Test performance of standoff searches with large texts

dasch-swiss / dsp-api

DaSCH Service Platform API

http://admin.dasch.swiss

Apache License 2.0

74 stars 18 forks source link

Test performance of standoff searches with large texts #1112

Open benjamingeer opened 5 years ago

benjamingeer commented 5 years ago

This needs large texts containing lots of markup.

benjamingeer commented 5 years ago

@tobiasschweizer @SepidehAlassi To make a large text containing lots of markup, could we combine a lot of BEOL texts into one text? How hard do you think that would be?

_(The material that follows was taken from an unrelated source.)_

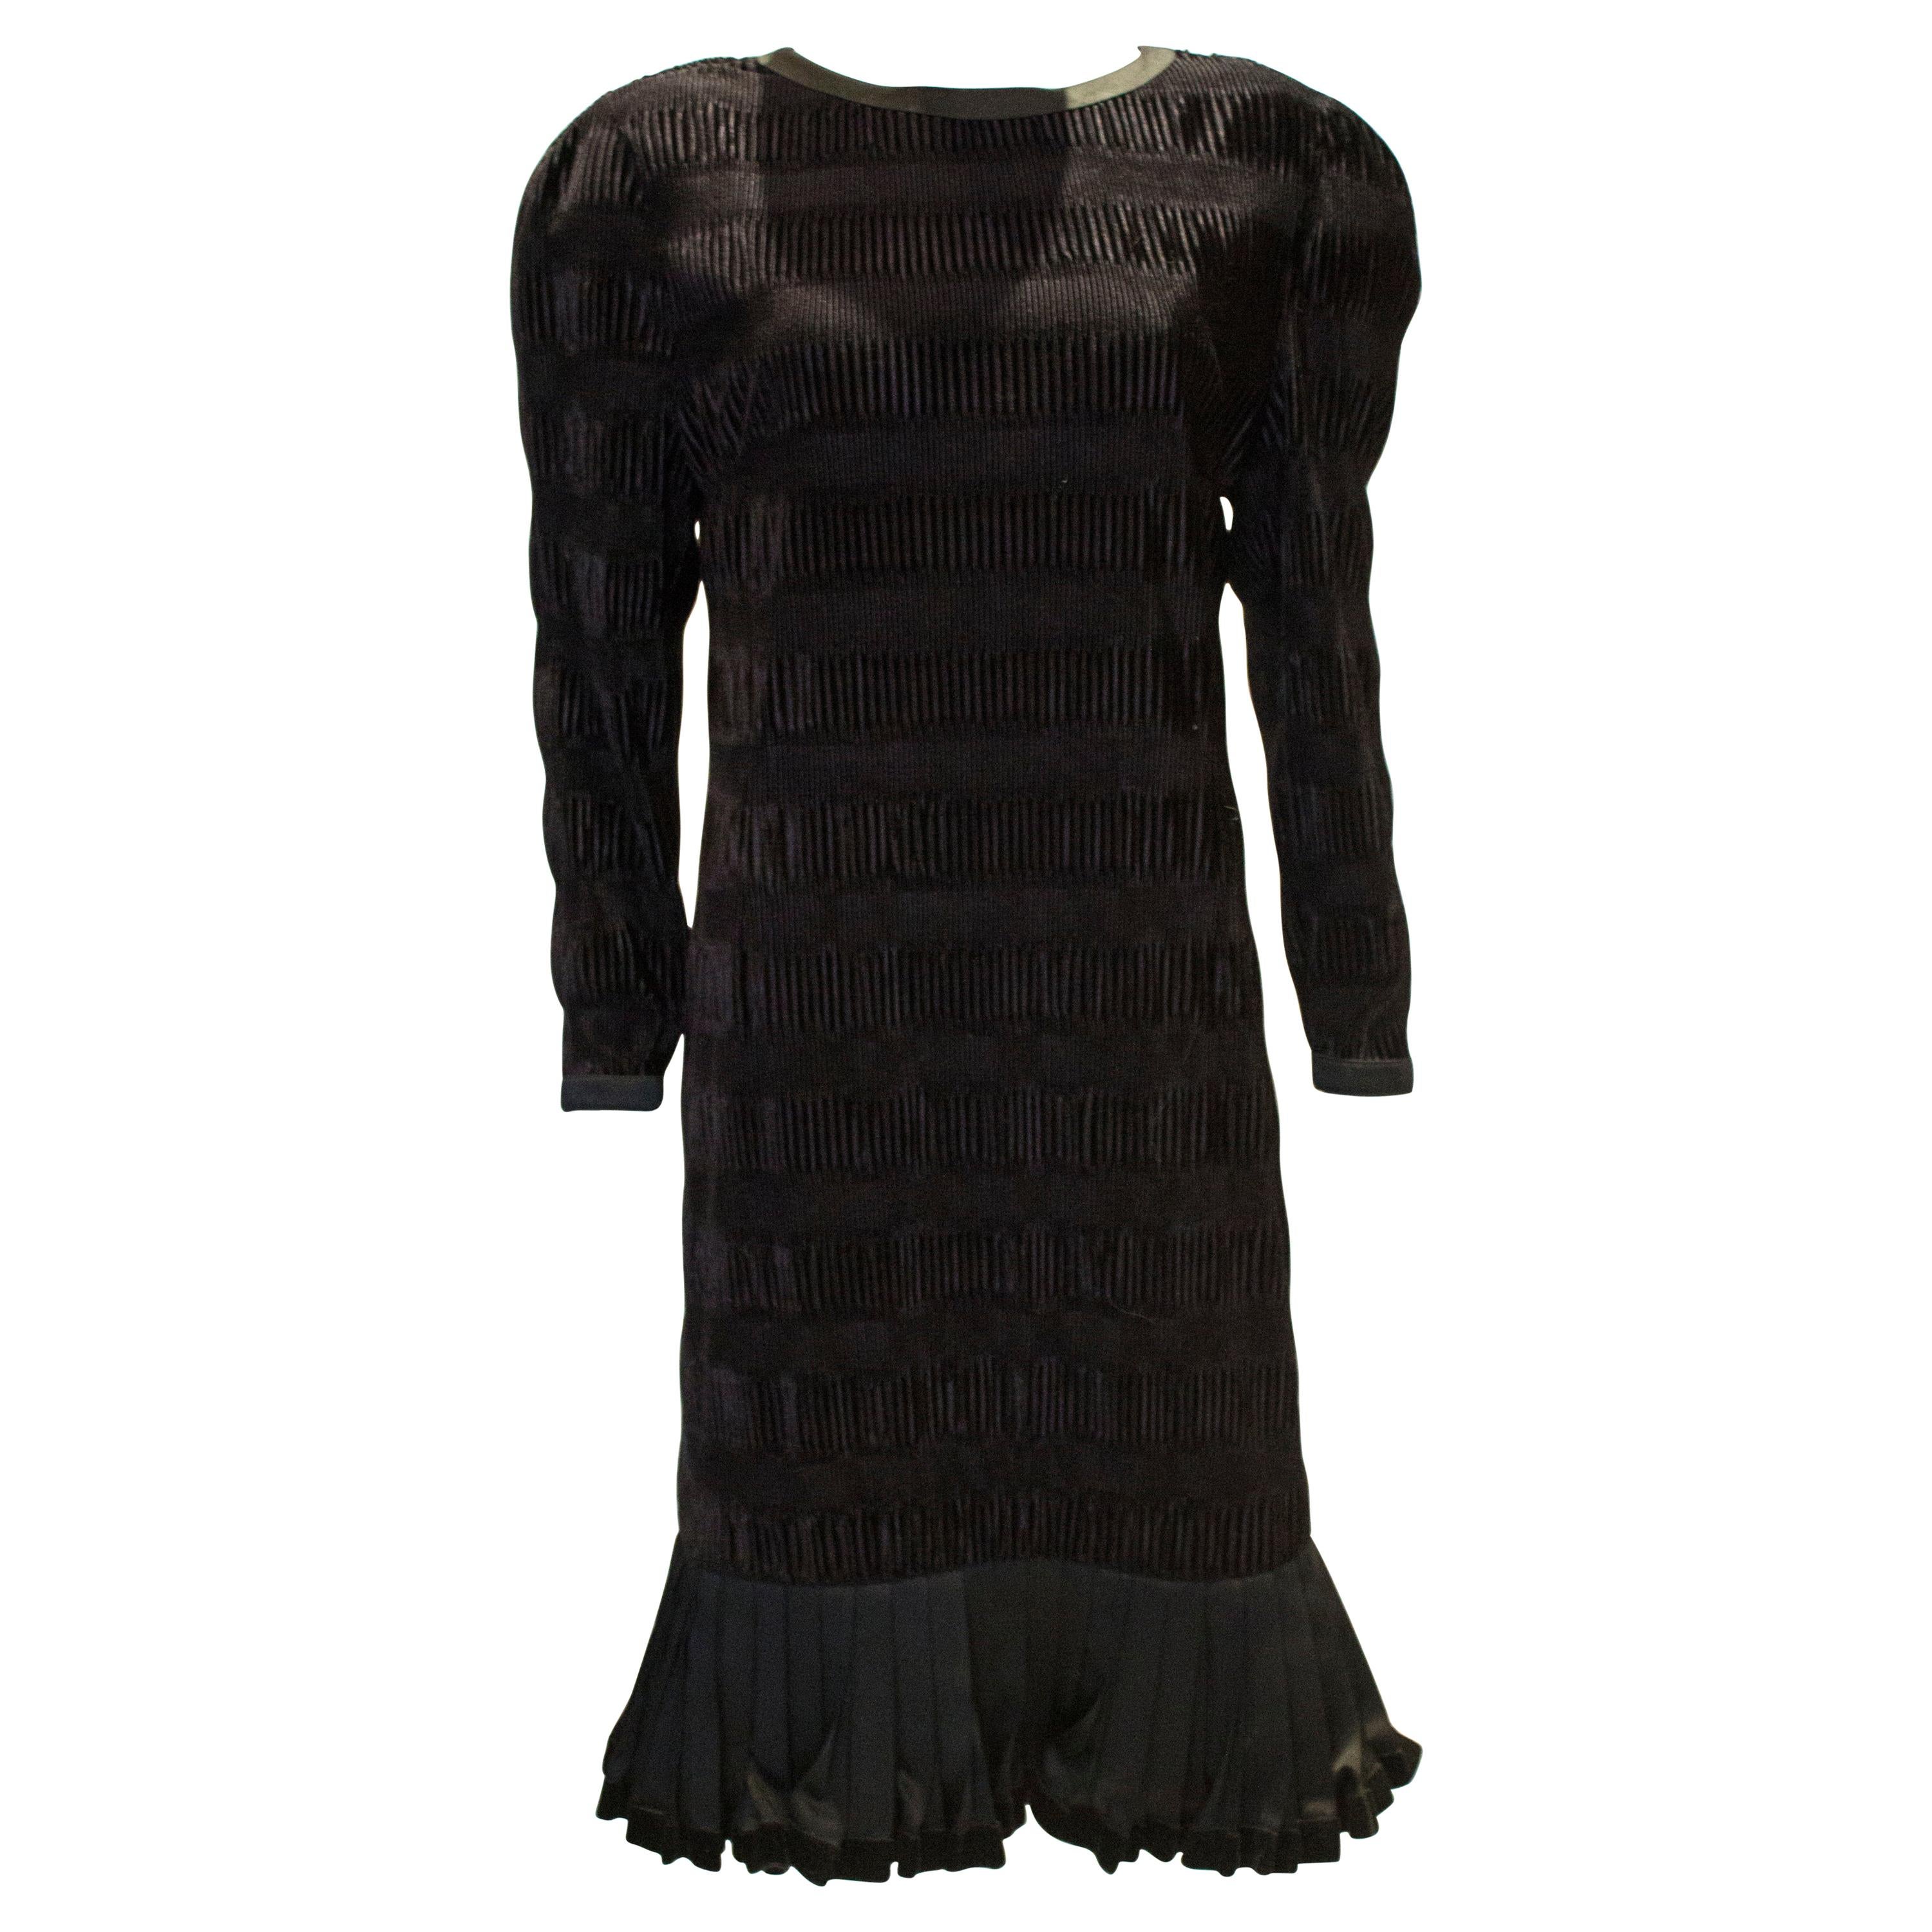 Vintage Louis Feraud Black Velvet Cocktail Dress

tobiasschweizer commented 5 years ago

I think it won‘t be hard if the standoff is created from XML. We could just copy and paste an existing text several times inside the same XML doc, reusing the same structure and mapping.

benjamingeer commented 5 years ago

We could just copy and paste an existing text several times

I think that for a realistic performance test, it would be better not to repeat the same content.

tobiasschweizer commented 5 years ago

Ok, then let‘s create a huge text by combining existing texts that have the same mapping

mrivoal commented 5 years ago

A digital edition corpus might not be the most demanding text for performance tests. As discussed with @tobiasschweizer and 2 researchers from a new SNF project, corpora from linguistics are probably more intensively tagged.

We (meaning @loicjaouen) were also thinking about creating a fake corpus tagged with NLP libraries, such as the one provided by Standford, which, according to one of the researcher produced 8 different tags. But we were planning this for the end of july.

benjamingeer commented 5 years ago

we were planning this for the end of july.

That would be great. No reason we can't test with both kinds of texts.

mrivoal commented 5 years ago

Yes, exactly!

SepidehAlassi commented 5 years ago

@tobiasschweizer @SepidehAlassi To make a large text containing lots of markup, could we combine a lot of BEOL texts into one text? How hard do you think that would be?

@benjamingeer it is easy to do, I can combine all of the Euler correspondence texts which are full of markup. when do you need it?

benjamingeer commented 5 years ago

I downloaded 50 large books from Project Gutenberg. Each is at least 500 MB, many are over 1 MB.

The current plan is to use knora-py to create a simple ontology for these books, and to add markup (using the standard mapping):

On each word.
On each sequence of 10 words (simulating sentences).

Then test:

Retrieving a book without markup.
Retrieving a book with markup.
Searching for a book using full-text search.
Searching for a book using standoff in Gravsearch.

The goal is to provide some guidelines about how and when to split up large texts into multiple text values.

mrivoal commented 5 years ago

We initially hoped that we could help you to test this. However, the project I mentioned earlier won't use Knora as a research tool in the course of the project, but rather as a data curation tool, at the end of the project.

So, we are not going to simulate a corpus tagged with NLP libraries right now.